A lot of the stigma that accompanies mental illness derives from what culture describes as normal. Someone once remarked that if everyone is a Christian almost no one is. If a term like abnormal is watered down to the point that it describes almost everyone, it describes no one.

Did you know that there are 300 diagnosable mental illnesses described by the DSM IV? Are any of us normal? Jordan Smoller, author of The Other Side of Normal, describes the difference between normal and abnormal as the difference between night and day.

We all know the difference but Smoller asks where we draw the line between the two. He writes, “When exactly does day become night? We might decide to draw the line at sunset—a specific moment in time we’ve constructed to separate the two. But that’s somewhat arbitrary.” The terms day and night aren’t preloaded with stigma so debating the point at which one begins and the other ends is harmless.

But as Smoller points out, the line between normal and abnormal is also arbitrary. It is a judgment call and to confuse matters even more, it changes from culture to culture. I don’t believe the terms normal and abnormal mean anything as a description of mental health. I recommend that you banish the words from your vocabulary in the context of supporting the healing of people suffering from emotional or mental challenges. The terms unnecessarily fuel stigma.

Ben Overby

Recently Kim and I were driving into Atlanta from Nashville. Thousands of cars had been zooming orderly on I-75 until one had a blowout. The driver stopped in the middle lane, was hit by another car, and in an instant, several cars scattered across the highway. It took only a fraction of a second to go from order to disorder. Traffic came to a complete stop. We couldn’t see what was going on. We had no idea when traffic would return to normal.

Mental illness is no different. A crash can happen because of brain chemicals, stress, or dysregulation stemming from an injury or genetics. When that happens, thoughts and feelings stop their regular function. In order to bring about order, an intervention is often required, such as medication, counseling, the support of a loved one, much prayer and dependence on God’s grace. At some point the path is cleared, order is restored, the traffic flows.

Keep that in mind when thinking about a mental disorder. It isn’t something exotic or mysterious. Sometimes the person living with the disease is cruising, at other times spinning out of control and crashing.  Cruising and crashing are states of being—there are lots of states that occur in between.

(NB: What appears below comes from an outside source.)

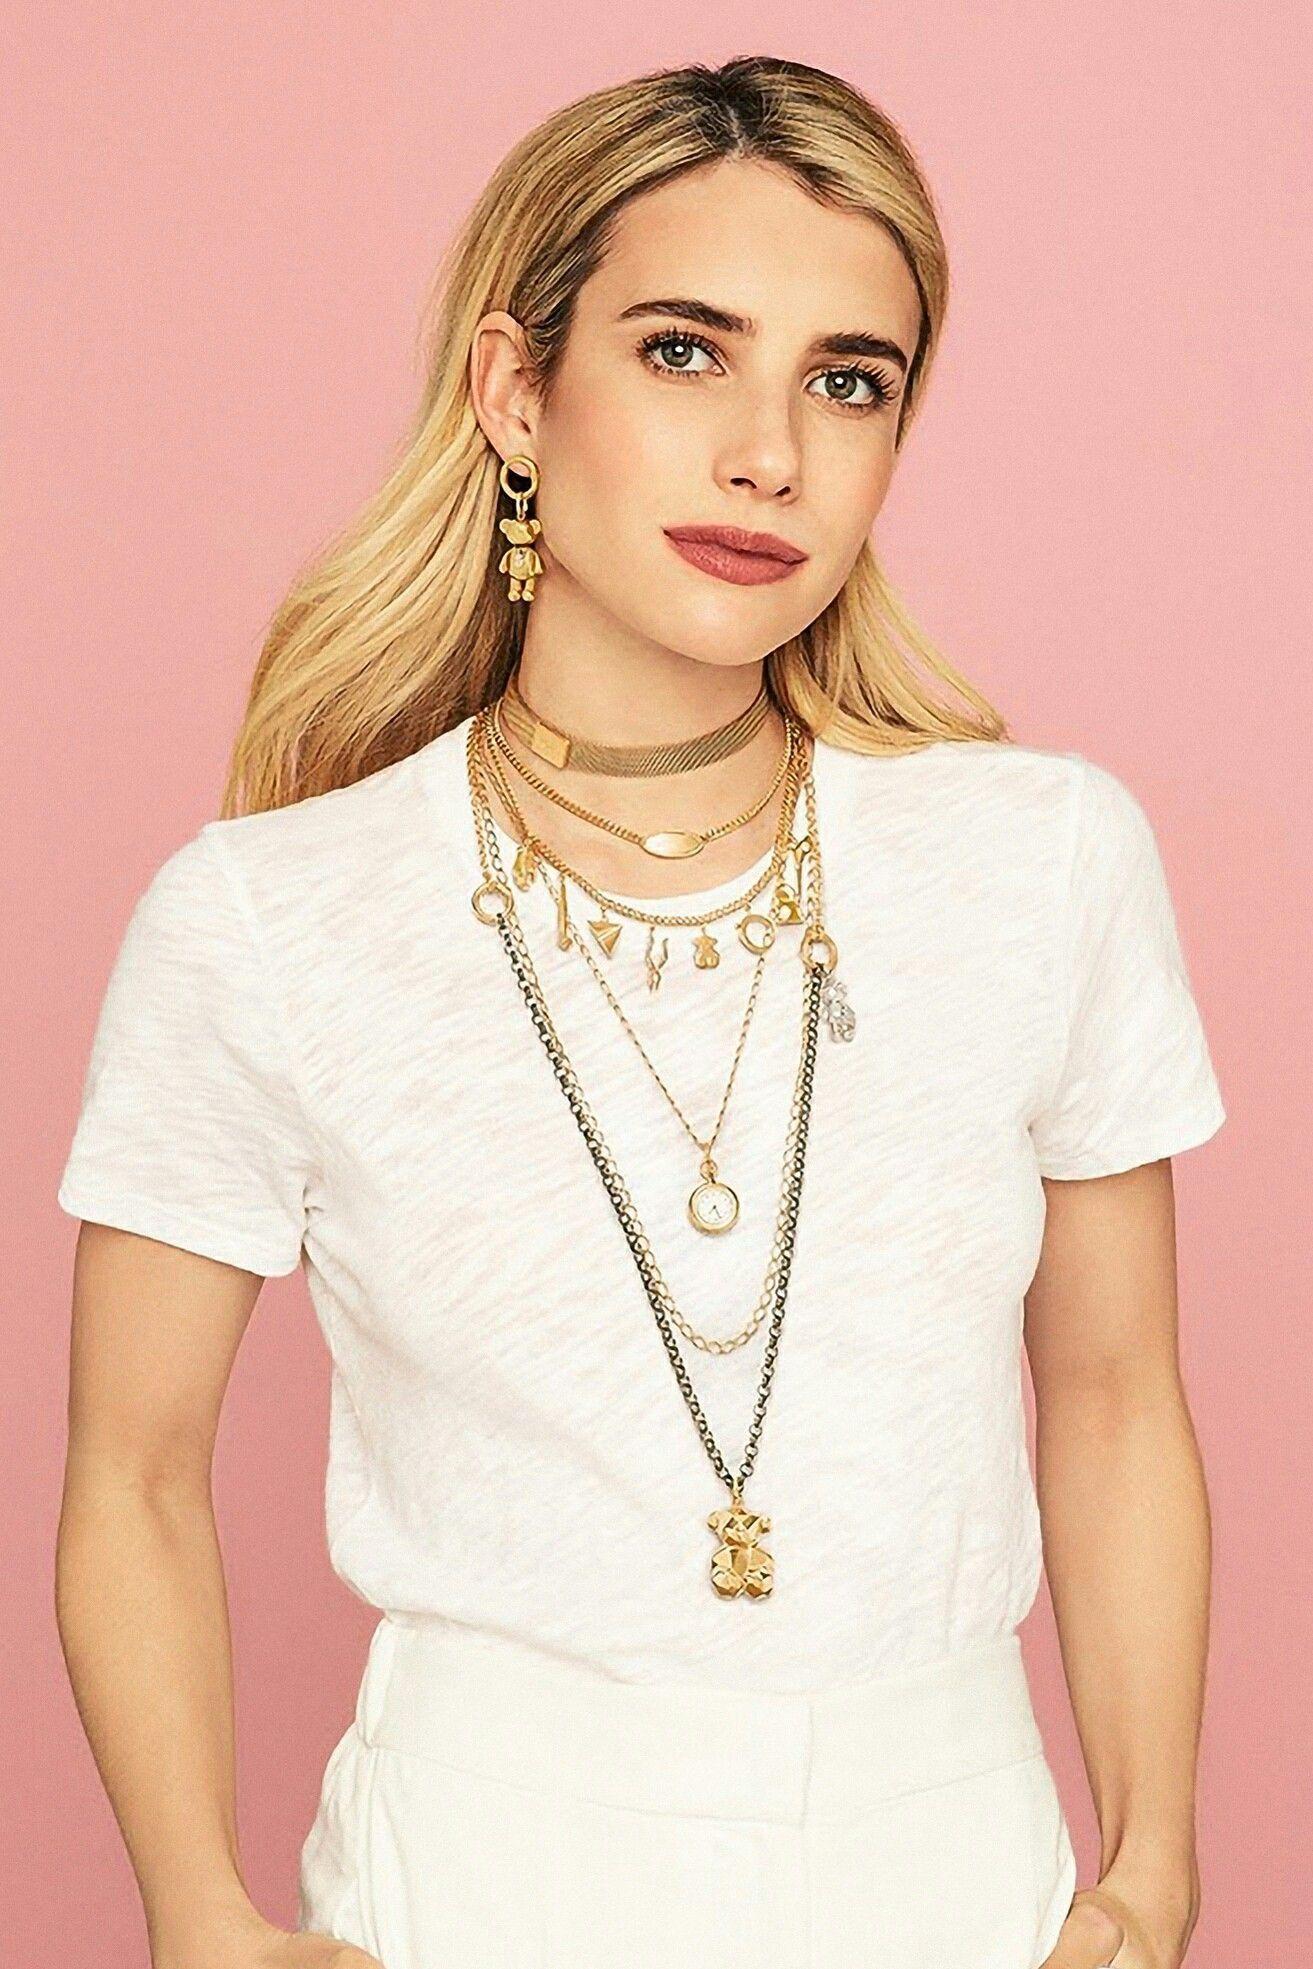 Photoshoot -  Emma Roberts for Tous  - #EmmaRoberts #FashionDesigners #photoshoot #ShilpaShetty #VictoriaBeckham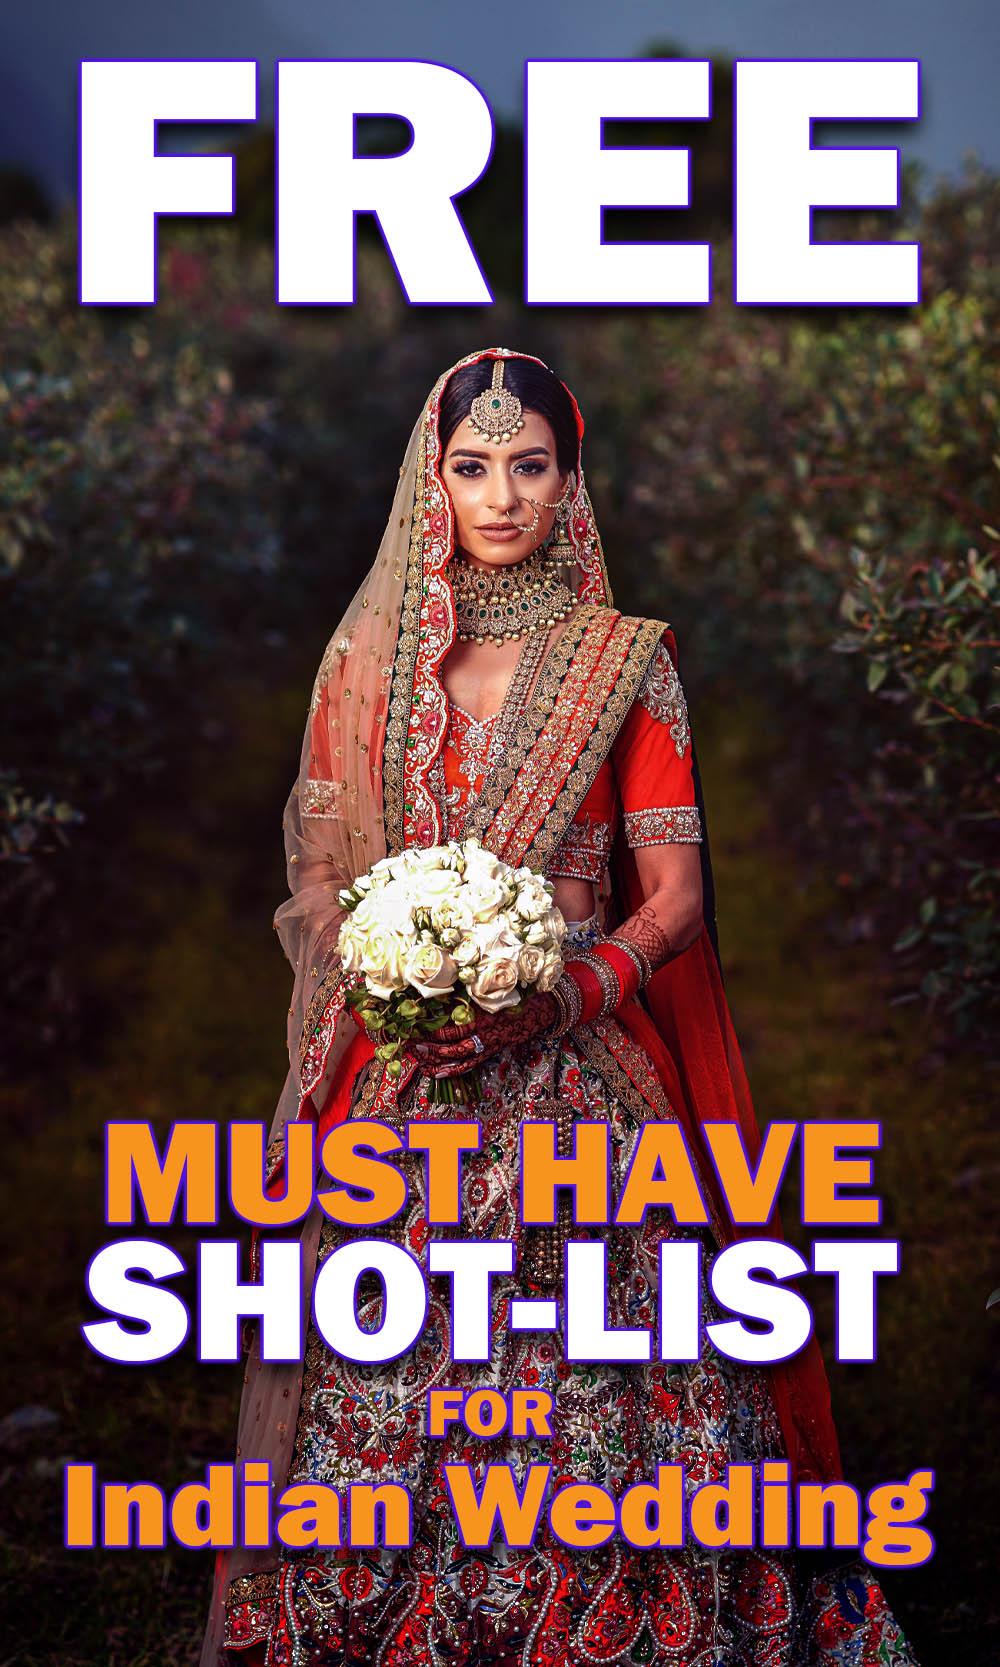 Free Shotlist for Indian Weddings

Part of what we do is support individuals in learning to recognize otherwise unnoticed triggers. The traffic disorder was triggered by the blowout of a tire. The driver had to make a snap decision—cross several lanes of busy traffic in order to get to the shoulder or stop in the middle of the road. The decision to stop in the center of the interstate proved tragic. We can support individuals as they learn to not only recognize the triggers but effectively develop a plan of action before a blowout occurs. And episode of disorder can be avoided by careful, thought out preparation.

When the words are out-of-order the makes no sense sentence.  Let me try that again. When the words are out-of-order the sentence makes no sense. To communicate words must be ordered in a particular way.

Again, there’s no mystery here. To support an individual, we just need to know the meaning the person ascribes to their life, what they’re trying to say with their existence, what vision they have for their life. If words are out of order—if treatment is avoided, or the person is isolating, or fear is disrupting their attempt to get the life they want, then we simply support whatever it takes to restore order, to get the words where they are supposed to be so that the person becomes what he or she intends to become.